Замечу, что любое неповиновение внука расценивалось как как конфликт мирового масштаба. За последние пару лет интернатская страшилка так Сене приелась, что на этот раз он, не отрываясь от книги, лишь плечом дернул – как от комара отмахнулся.
Столь легкомысленного попрания своего авторитета Любовь Моисеевна допустить не могла и положила любой ценой добиться от внука раскаяния или по меньшей мере страха перед неотвратимым наказанием. Ответом на вопиющее пренебрежение стало тут же написанное и громко зачитанное вслух письмо директору интерната: «Мне стыдно признаться, но я вынуждена сказать всю правду: мой внук Семен – очень трудный ребенок. С ним невозможно справиться, он грубит бабушке и не слушается. Мать им не занимается, а у меня больше нет сил. Пожалуйста, помогите исправить мальчика!»

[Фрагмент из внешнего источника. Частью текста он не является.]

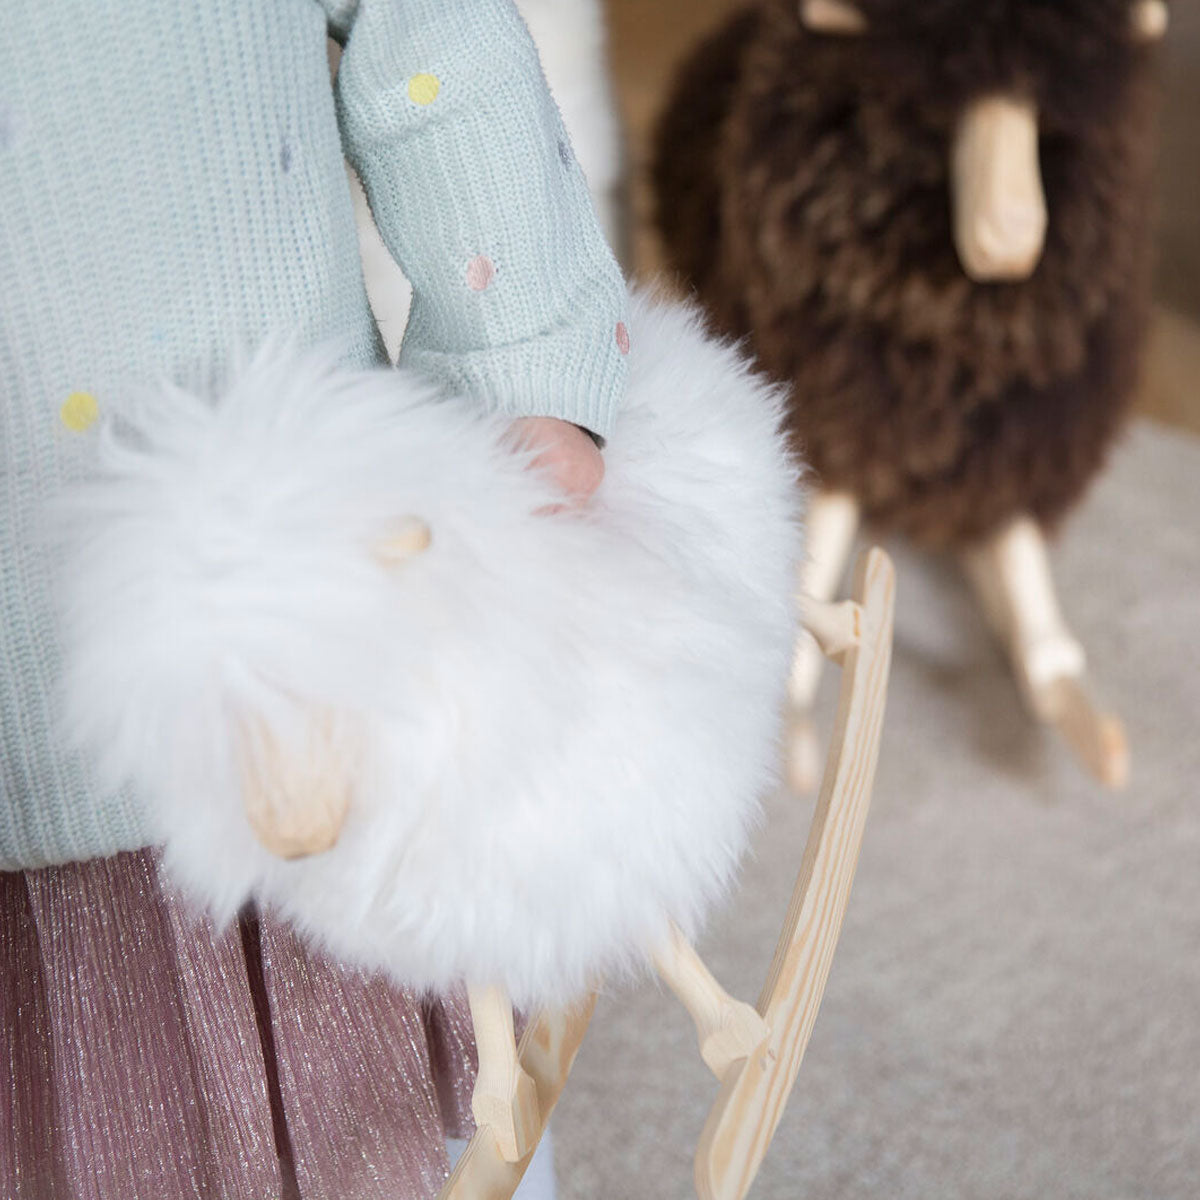 The Rocking Lamb │ Povl Kjer Design │ Made in Denmark │ Natural Black Long Wool │ Small

Дед Фима немедленно был откомандирован на почту – отправить заказным письмом вопль несчастной измученной старушки.
Неисправимый ребенок нисколечко, однако, не обеспокоился, даже ухмыльнулся про себя: да ла-а-дно. Не дурак, понимал, что интернат запросит характеристику из школы, и тогда директор покрутит пальцем у виска: «сбрендила бабуля – на такого золотого ученика бочку катить». А посему незачем всякими пустыми угрозами голову себе забивать.
Уже через неделю из интерната пришел ответ. Сенька, посланный за газетой, самолично вытащил из почтового ящика конверт, который бабка тут же вскрыла. Зачитала торжественно, с выражением: «Глубокоуважаемая Любовь Моисеевна! Мы с большим сочувствием прочли Ваше письмо и готовы прийти Вам на помощь: зачислить Вашего непослушного внука с первого сентября в шестой класс интерната. Мальчик несомненно нуждается в самой строгой дисциплине для исправления. Отправляйте его к нам, на полное государственное обеспечение. Наши опытные педагоги научат ребенка любить и уважать бабушку. С почтением, директор и завуч.»
Любовь Моисеевна назидательно постучала указательным пальцем по письму:
– Вот: чужие люди ко мне с уважением и почтением, а родной внук, которому я все отдала, позволяет себе грубить и не слушаться.
Но дыбык, к ее изумлению, ни раскаяния, ни тревоги за свое будущее не выказывал. А чего там, в самом деле:: до сентября еще сколько воды утечет… Еще пятый класс предстоит окончить, еще летние каникулы впереди. За это время бабка сто пятьдесят раз передумает, забудет сердиться.
Пустой конверт из интерната лежал на краю стола и чем-то Сеньку интриговал: слишком чистеньким конвертик тот был, будто не хватало на нем чего-то…
Проследив за взглядом внука, Любовь Моисеевна вместе с баб-Любой сникли: недооценили мамзера. Тот в два счета просёк проруху: на конверте имелись и марка, и обратный адрес, даже вычерченный строго по пунктирам почтовый индекс наличествовал, но не было черного почтового штемпеля!
Блеф! Трюк! Очередной развод, очередная бабкина «вся правда»!
Вот сами скажите: можно такой верить?
6. Киселёвы
Интернатскую эту историю Сенька, кипя и булькая от возмущения, вкратце изложил Толяну. А кому еще? Не матери же.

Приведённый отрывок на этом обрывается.